Though Khan himself would not speculate on the dates for the fair, other sources said that it would be held in October.

Prior to the fair, secretaries of the commerce ministries of the two countries would meet to thrash out outstanding issues, Khan added.

Pakistani officials are gung-ho about promoting official trade with India and divert what has been going on unofficially into official trade. The official trade is only a fraction of the volume of unofficial trade, which is worth over a billion dollars.

Khan was hopeful that the on-going political détente between India and Pakistan would help improve economic ties between them.

“The current state of Pakistan-India relations is sound. India believes that a stable Pakistan is the best option for it.
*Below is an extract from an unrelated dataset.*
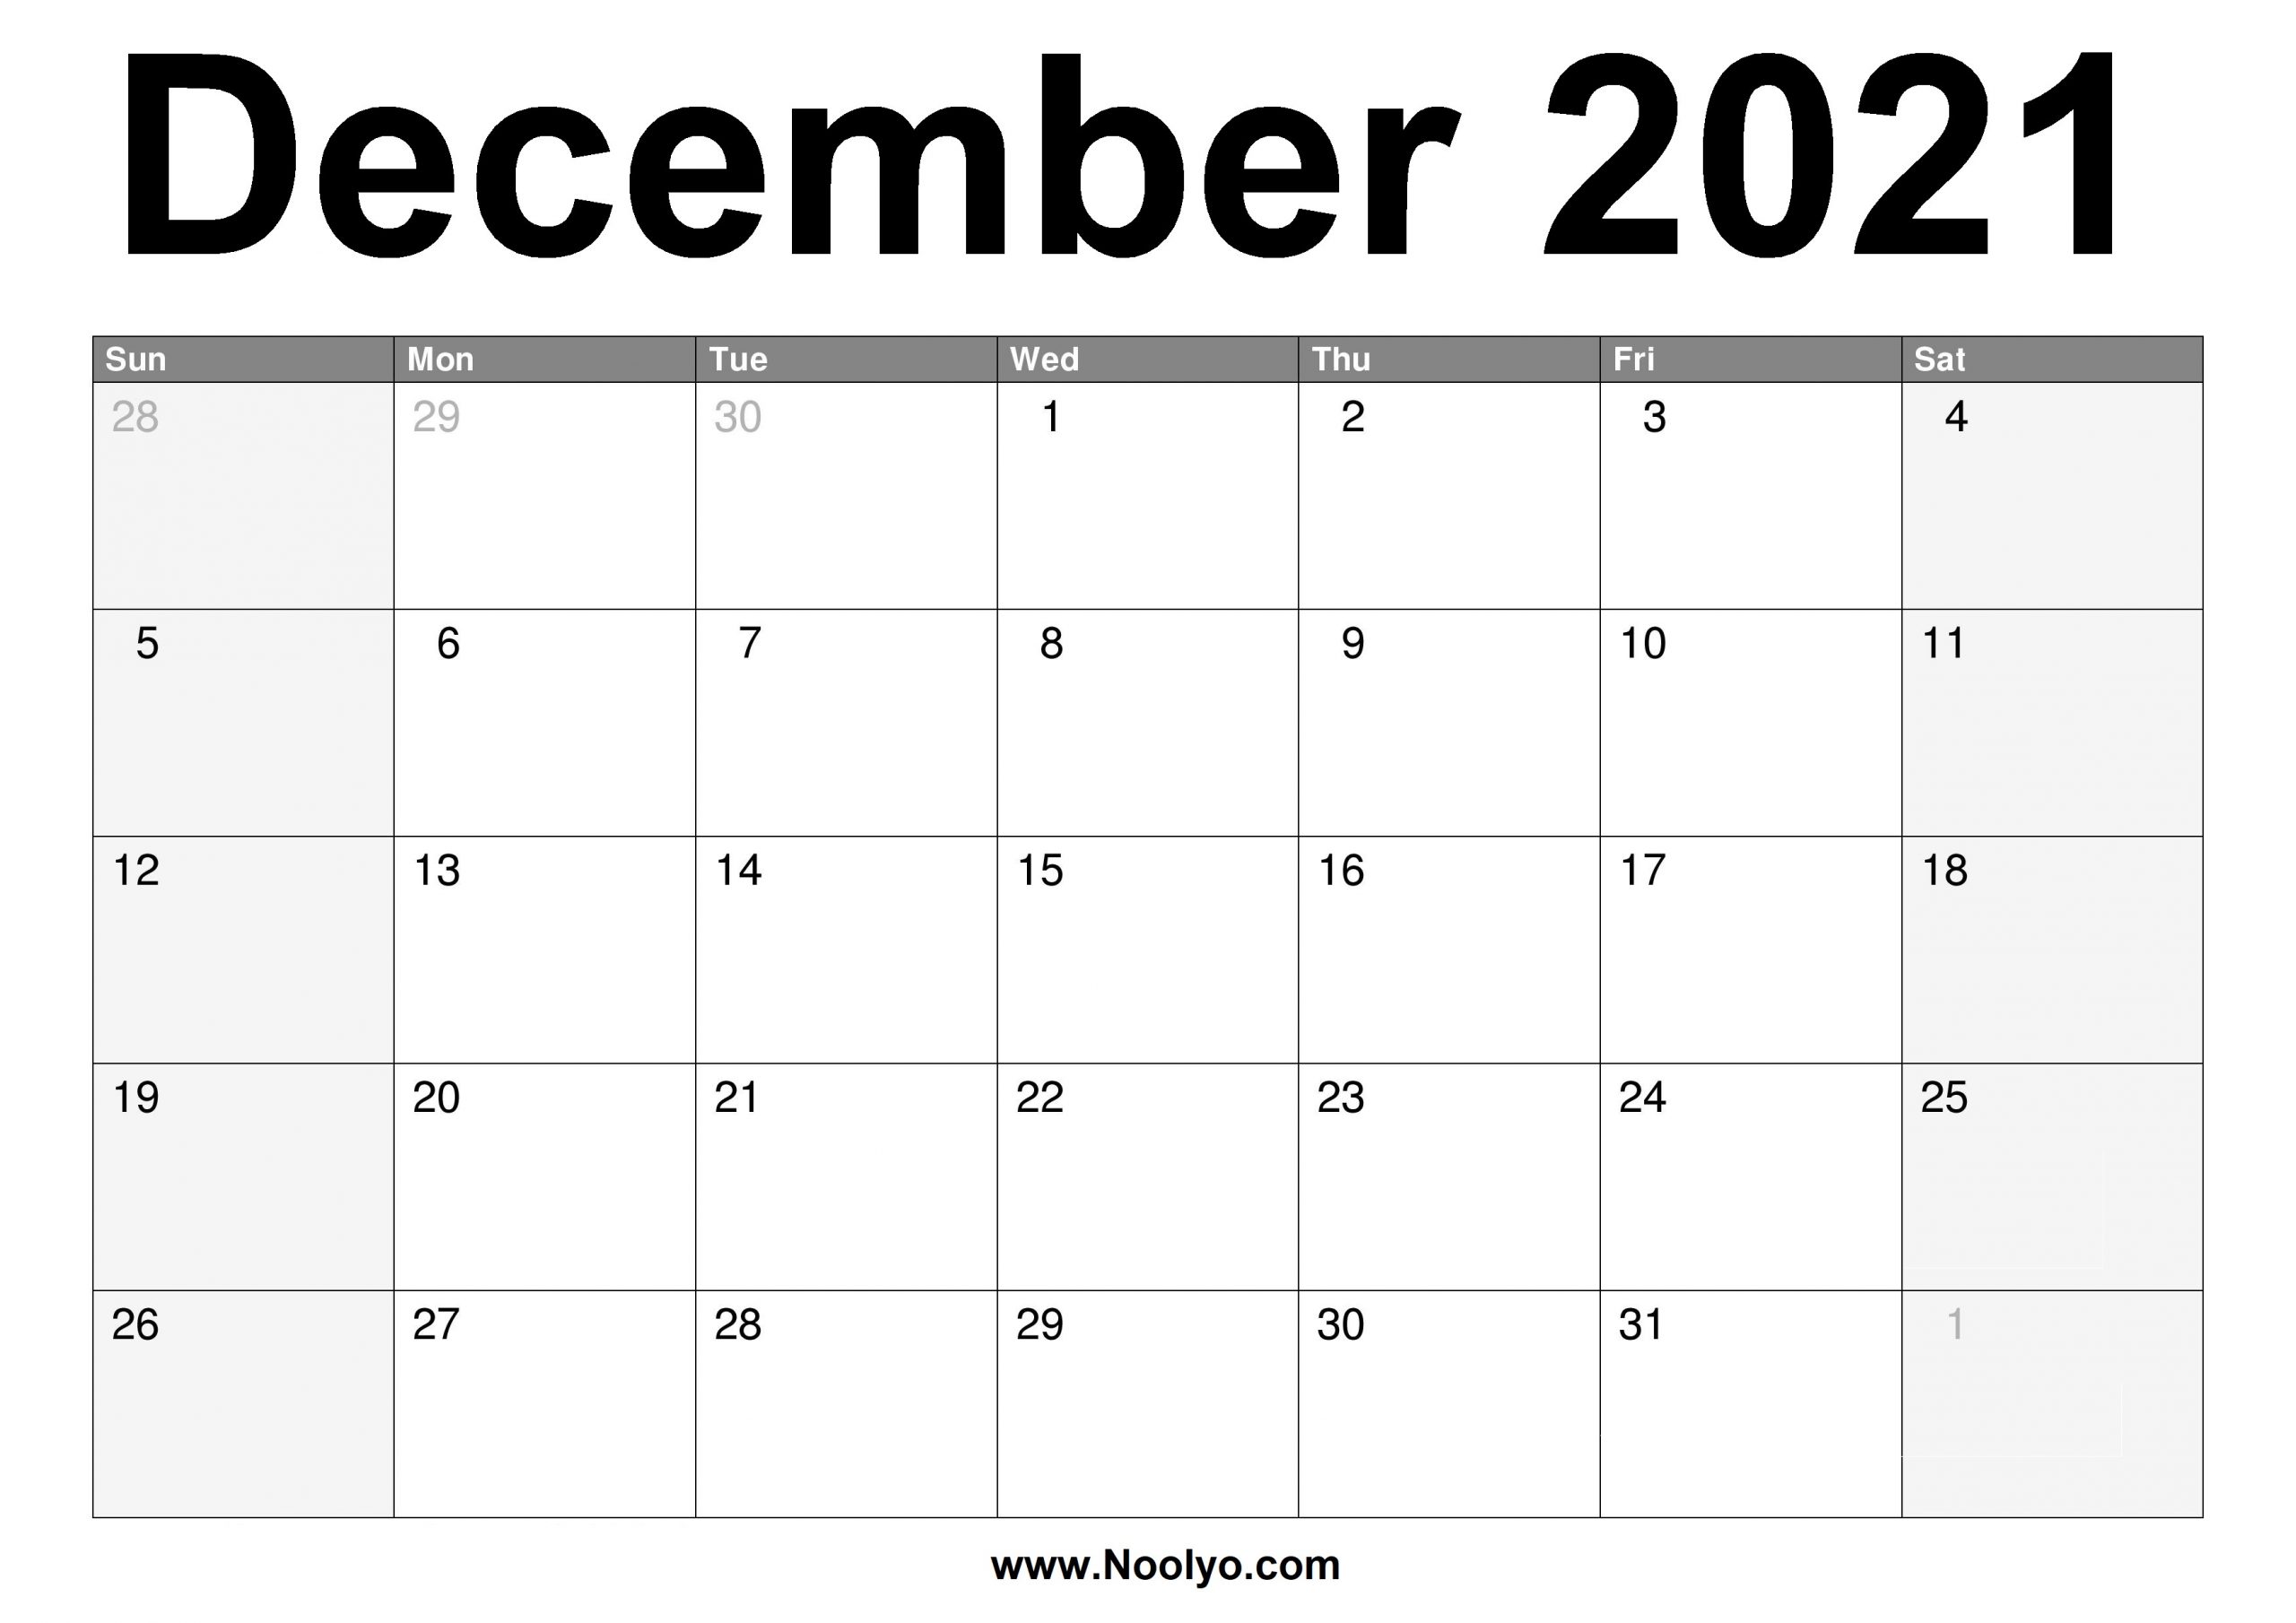 2021 Calendar December | Calendar 2021 Online Calendar December 2020 And January 2021

There will be a spill-over into India if Pakistan is unstable,” Khan said.

“Increased trade links will help forge political understanding,” added Muhemmed Aejaz, economic counsellor at the Pakistani embassy in Colombo.

Aejaz said that it was time India and Pakistan thought in terms of promoting trilateral India-Pakistan-Sri Lanka trade, making use of the ties forged by the free trade agreements (FTAs) which had been entered into by India and Pakistan with Sri Lanka, separately.

“The FTAs entered into by Pakistan and India with Sri Lanka, albeit individually, have opened up possibilities for trilateral trade,” he said.

“Pakistan and Sri Lanka should not trade without taking India as the centre,” Aejaz suggested.

Sri Lanka and Pakistan entered into an FTA in 2002, which became operational in 2005. The current trade between the two countries is small, $270 million annually.

“But it could grow as the on-going exhibition shows,” Aejaz said.

“Almost all the Pakistani companies taking part in the exhibition here have entered into deals with Sri Lankan parties,” he added.

“But Pakistani traders are still not aware of the potential of the FTA with Sri Lanka though, thanks to the FTA, the two way trade had gone up from $130 million in 2005 to $270 million in 2007,” he said.

Asked about Pakistan’s denial of most favoured nation (MFN) treatment to India, Aejaz said MFN status could not be given to India while the basic political issue of Kashmir remains unsolved.

But Khan believes the problem lies elsewhere. Pakistan’s complaint was that India had put up many non-trade barriers, he said.